The spores are white, roughly spherical, thick-walled, non-amyloid, smooth, and have dimensions of 7–11 by 6–10 μm. Basidia are club-shaped, 60–80 by 6–8 μm, and 2-spored. Cystidia are absent. Sterigmata, the slender projections of the basidium that bear the spores, may be straight or curved, and up to 7–8 μm long. Microscopic and molecular analysis indicate that the species is related to chanterelles.

=== Chemistry ===
In addition to the major fatty acid components, palmitic acid, oleic acid and linoleic acid, C. cristata contains two unusual fatty acids, cis-9, cis-14-octadecadien-12-ynoic acid, and the conjugated cis-9, trans-11, trans-13, cis-15-octadecatetraenoic acid (commonly known as α-parinaric acid). C. cristata is the only fungi known to contain α-parinaric acid.

=== Similar species ===
Some other coral fungi have macroscopic and microscopic features similar to C. cristata, making identification confusing. Clavulina rugosa is unbranched or sparingly branched. Clavulina cinerea is usually darker in color. Ramaria stricta has parallel branches and grows on wood. Lentaria byssiseda is light brown with white tips.
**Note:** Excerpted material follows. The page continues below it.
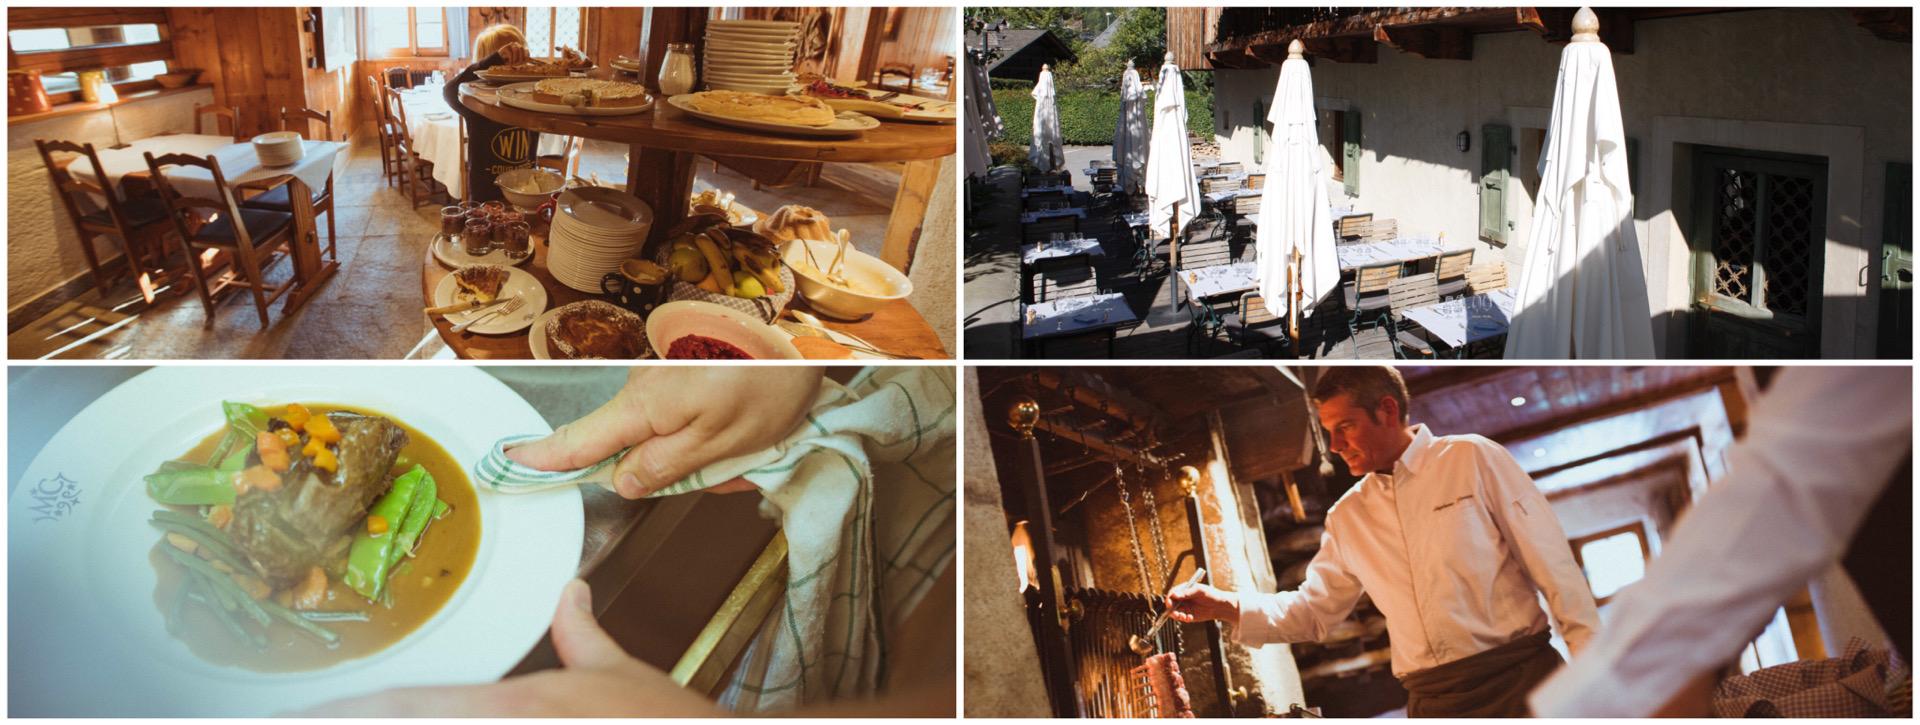 La Maison Carrier restaurant in Chamonix, French Alps

Ramariopsis kunzei is often bright white and smooth, and Sebacina schweinitzii is very tough.

==Distribution and habitat==
Clavulina cristata is found growing solitary or in clusters on the ground (sometimes on rotten wood) in both coniferous and hardwood forests in temperate areas of the Americas (October–March on the west coast of North America and July–October further inland) and Europe (June–November). It is a common mushroom, and typically fruits from late summer to winter.

==Uses==
This fungus is edible, but the tough flesh and insubstantial fruit bodies make it unappetizing to some individuals. It is considered excellent by some.